Biomiga TNFalpha, human - TN1001-100

Description :

Recombinant Human Tumor Necrosis Factor α (rhTNF-α)

Catalog# Quantity Lot#

TN1001-100 100 μg 0701

Source: Recombinant human protein expressed in E. coli.

Formulation: Powder lyophilized from phosphate-buffered saline (PBS)

Preservative: None.

MW: 17 kDa

Purity: >97% (15% SDS-PAGE)

Sterility: 0.2 μm membrane-filtered and packaged aseptically.

ED50*: 0.01 - 0.1 ng/ml.

Endotoxin: ≤0.1 EU/_g TNF-α, as determined by Limulus Amebocyte Lysate (LAL) assay

QC Tests: SDS-PAGE, Native PAGE, ELISA, TC

Reconstitution and Use:

Reconstitute the contents of the vial using sterile phosphate-buffered saline (PBS) to a concentration no less than 100 μg/ml and aliquot for future use. (If the initial rehydration is too dilute, activity may be lost due to the non-specific adsorption to the container). The solution can then be further diluted to a working stock solution.

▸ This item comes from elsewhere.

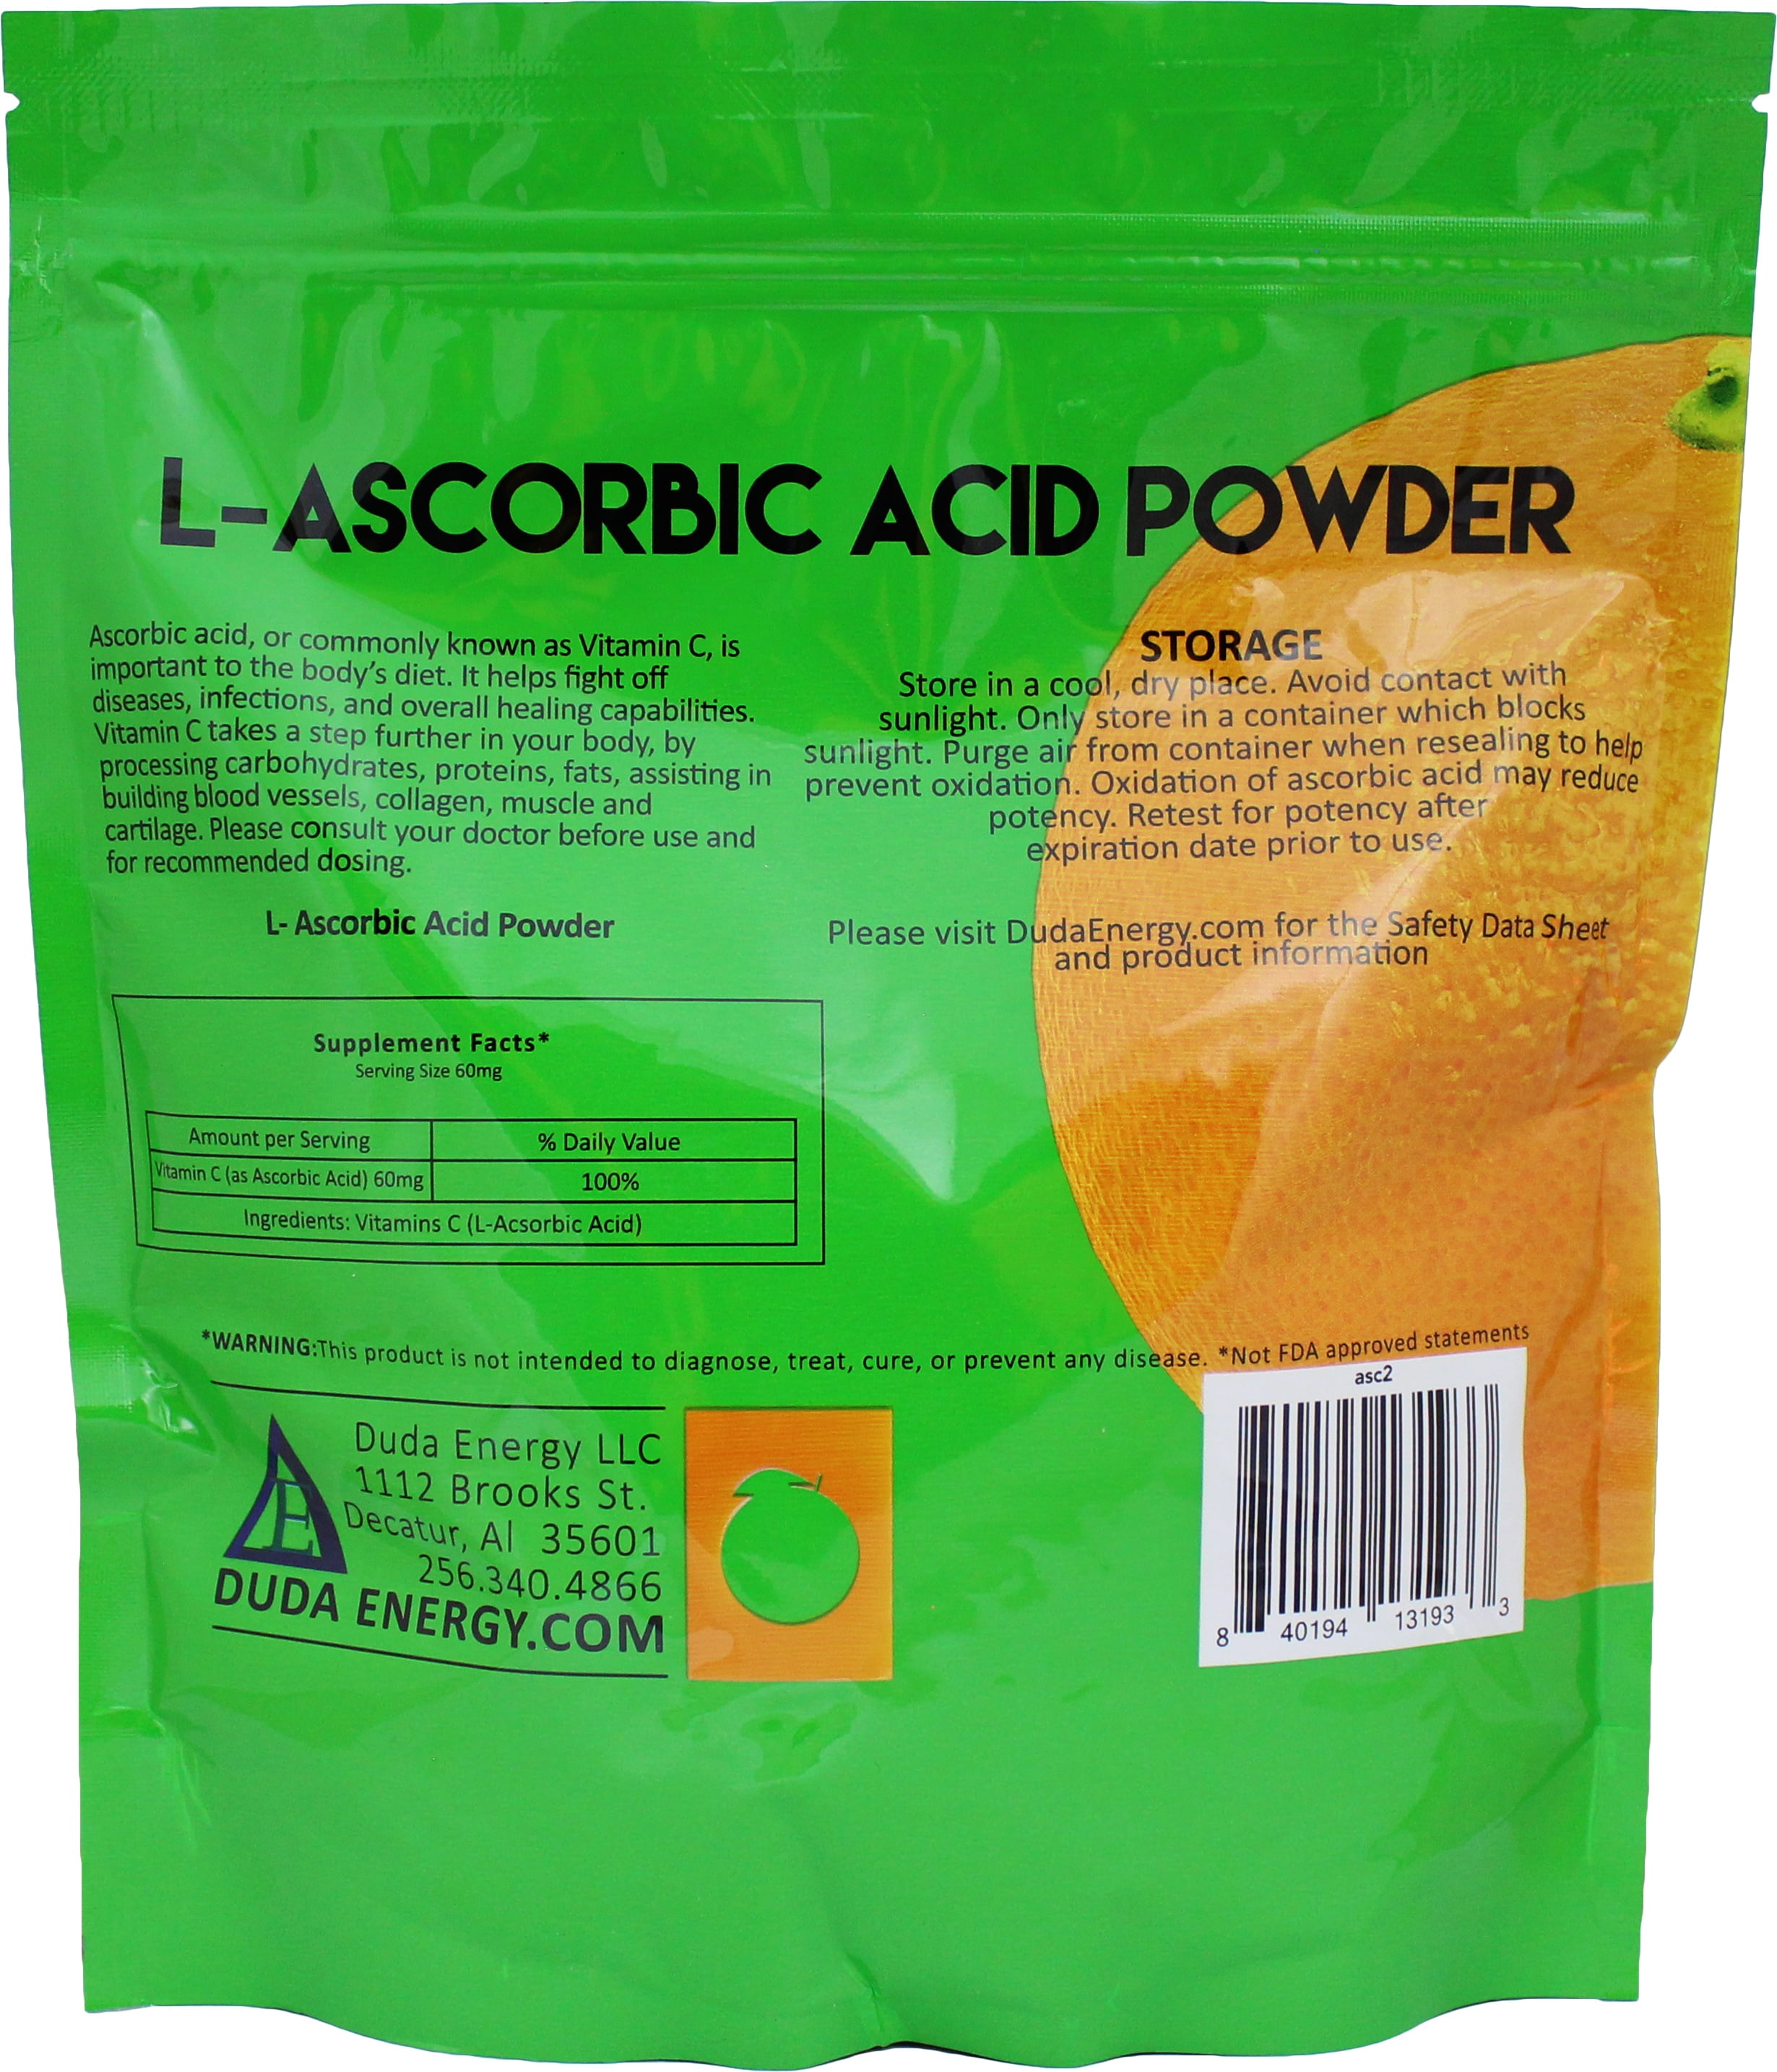 Bulk Supplements Ascorbic Acid (Vitamin C) Powder - 1kg for sale online

Bovine serum albumin can be added to the working solution to protect TNF-α from loss at low concentrations.

Storage and Stability:

Upon receiving, store the product at -20°C. After reconstitution, store the working aliquots at 2-8 °C for no more than 3 months. For extended storage, aliquot the rehydrated solution (≥100 μg/ml) and freeze at -70°C or -20°C. Avoid repeated freezing and thawing. More dilute solutions stored at -20 °C will lose activity faster.

*ED50 Assay:

The ED50 is defined as the effective concentration of TNF-α that causes 50% cytolysis of murine L929B cells, a TNF-α sensitive mouse fibrosarcoma cell line, in the presence of actinomycin-D. Results may vary depending on cell line used. (Havell, E.A., 1987).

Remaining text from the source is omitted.